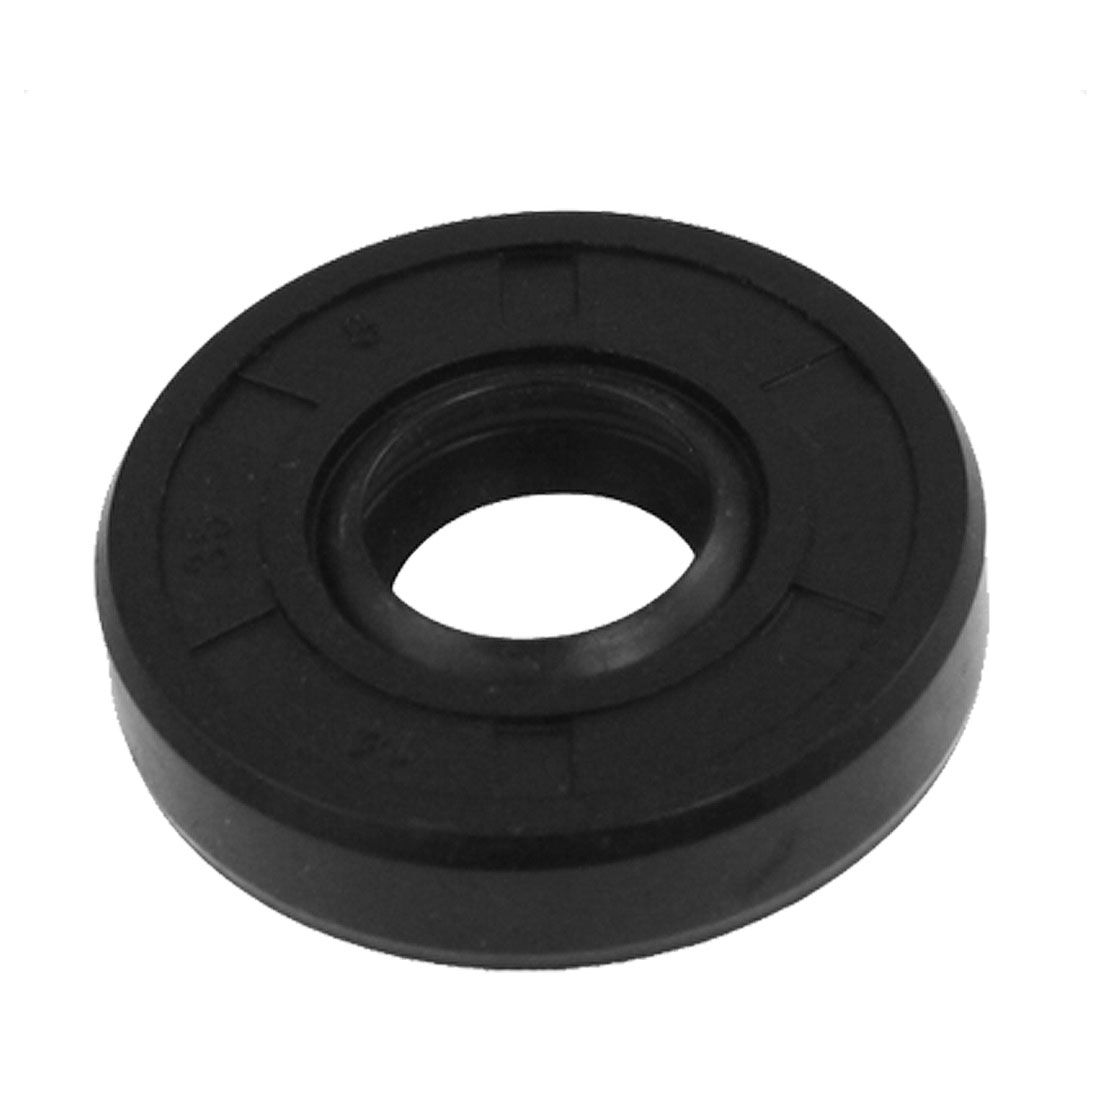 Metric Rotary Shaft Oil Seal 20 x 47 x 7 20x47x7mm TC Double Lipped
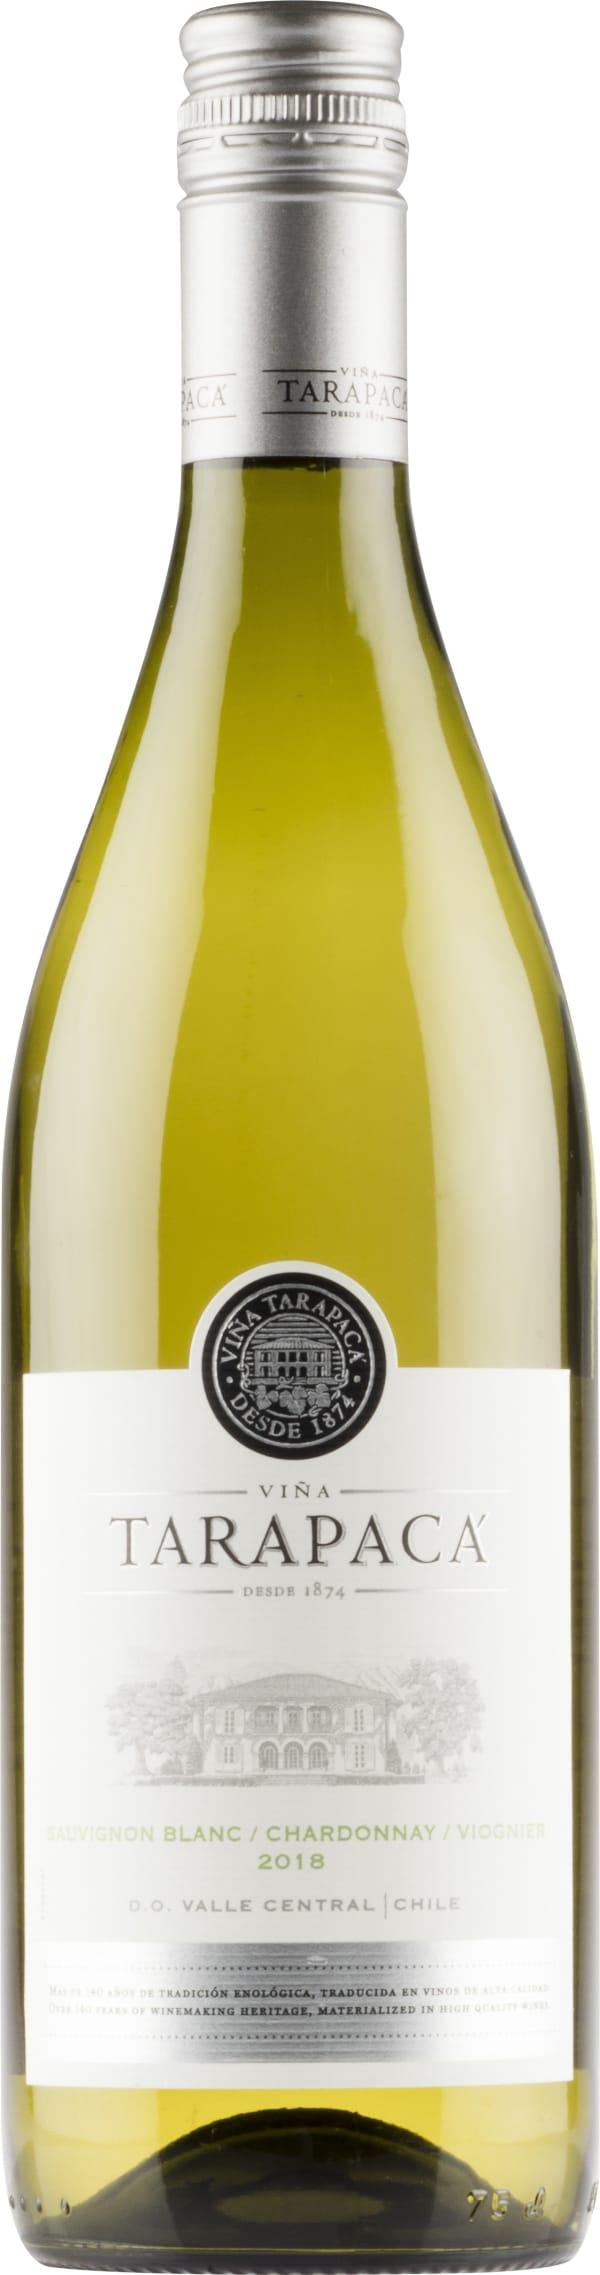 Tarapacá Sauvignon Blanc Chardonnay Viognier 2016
------------------------------------------------------------------------
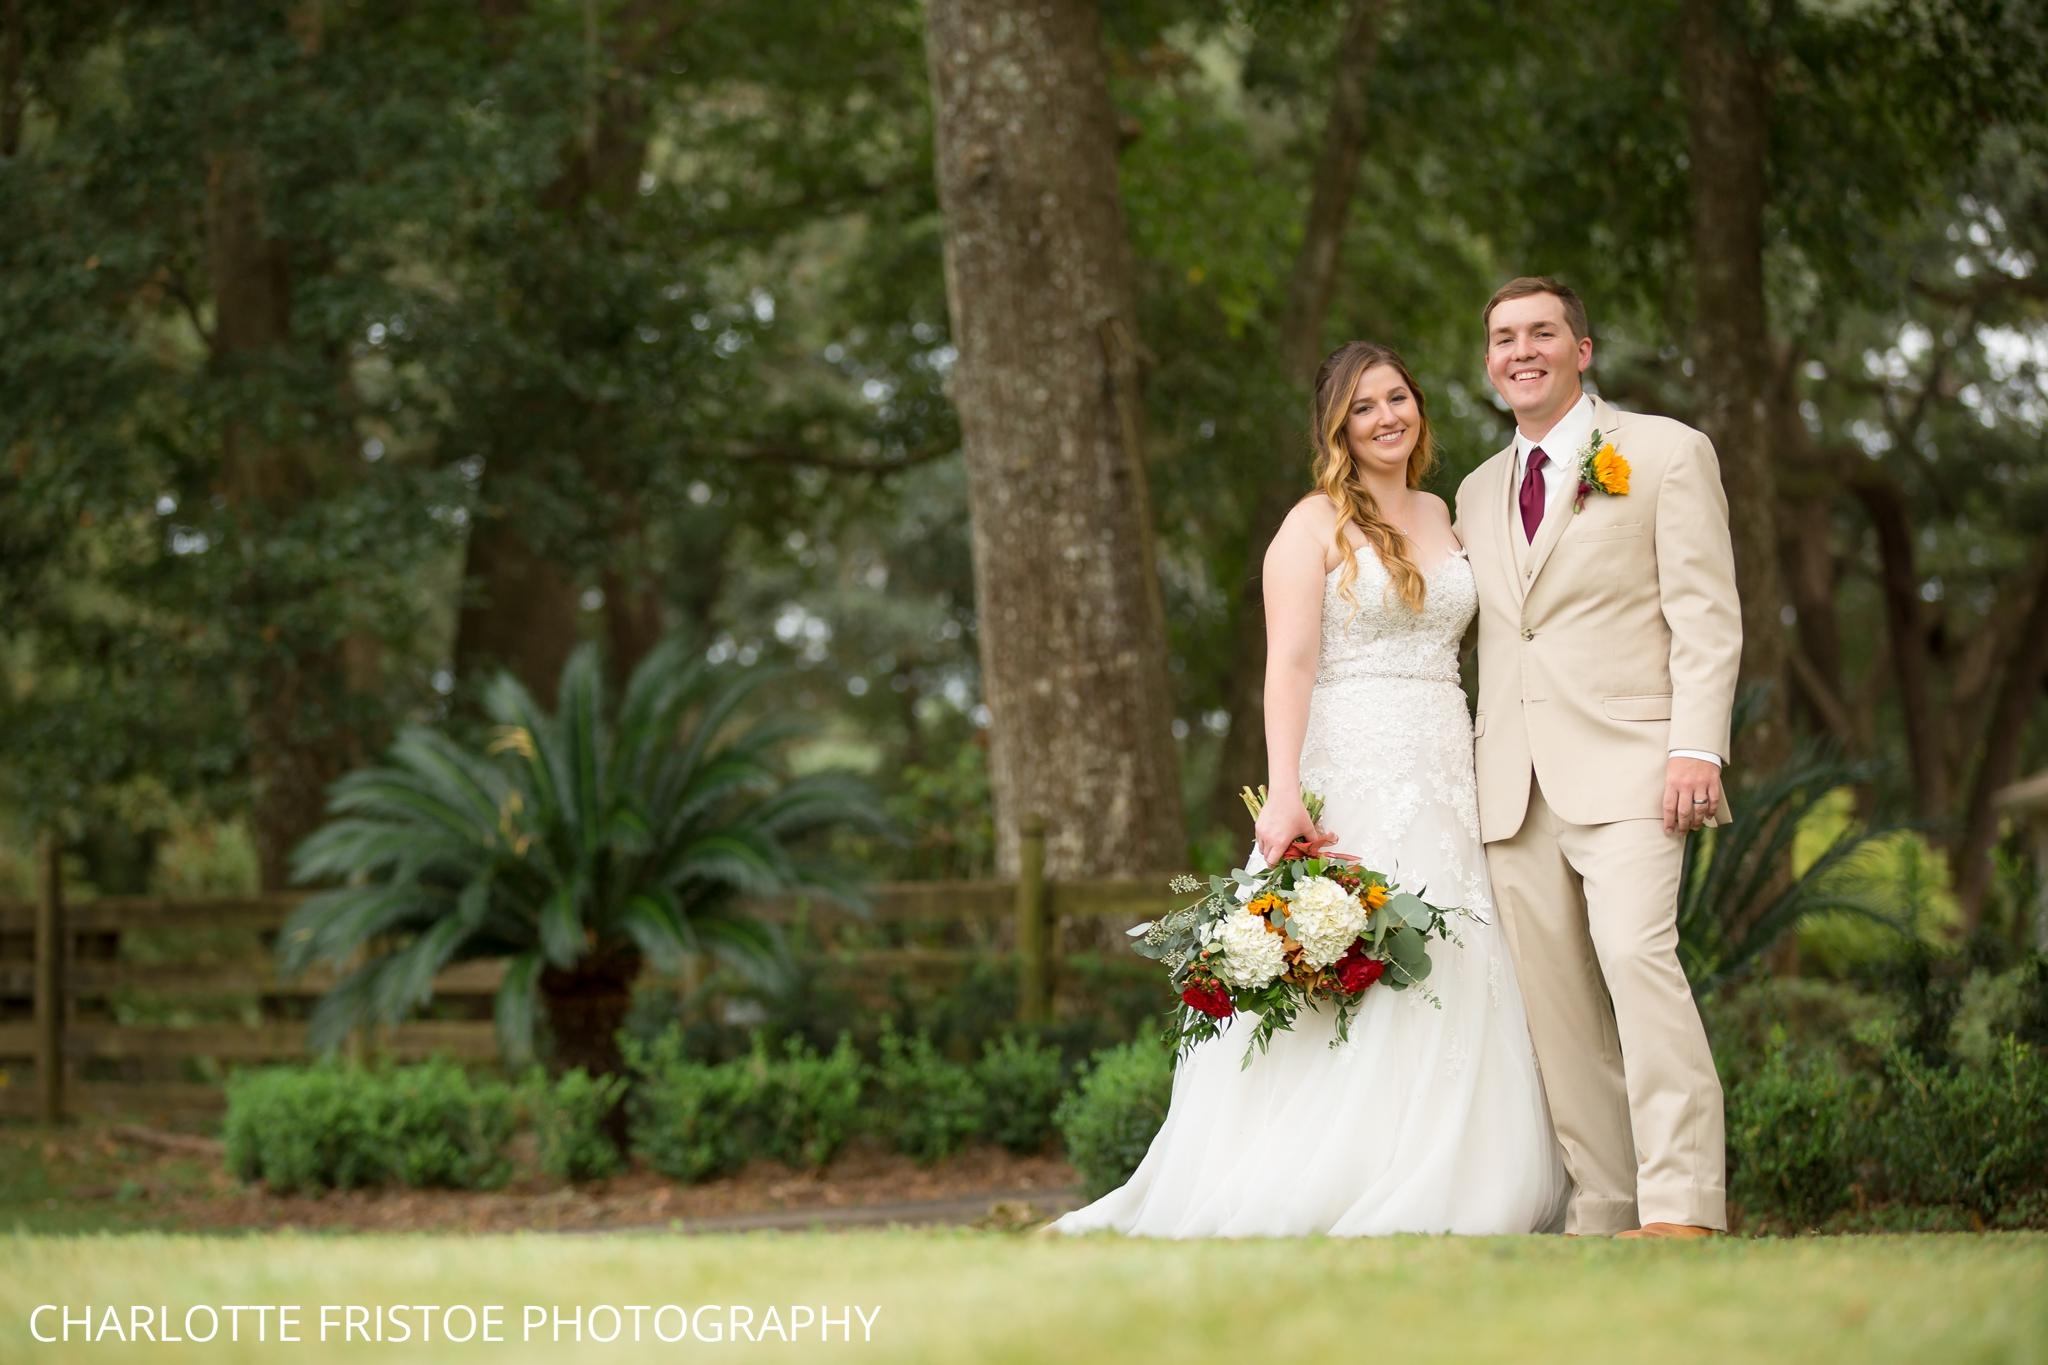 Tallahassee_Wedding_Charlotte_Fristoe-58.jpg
------------------------------------------------------------------------
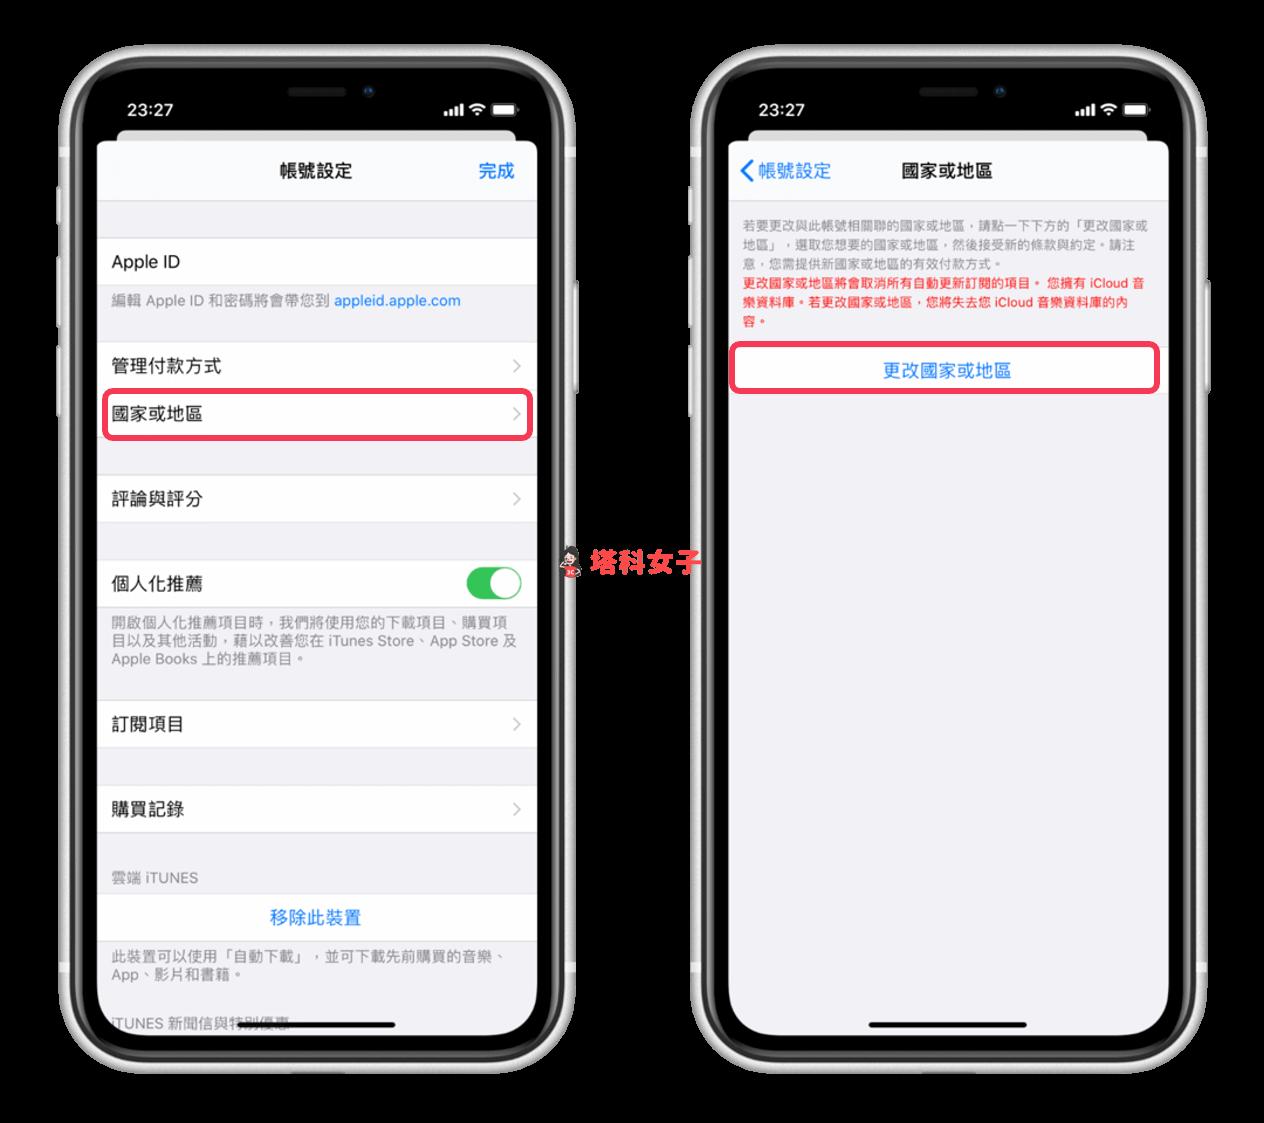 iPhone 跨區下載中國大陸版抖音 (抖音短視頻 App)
------------------------------------------------------------------------
**WORK ORDER:**
Look above for the line with "Metric Rotary Shaft", then give again exactly every line from there through the line with "Tarapacá Sauvignon Blanc", skipping the pictures.

**TASK RESULT:**
 Metric Rotary Shaft Oil Seal 20 x 47 x 7 20x47x7mm TC Double Lipped
 Tarapacá Sauvignon Blanc Chardonnay Viognier 2016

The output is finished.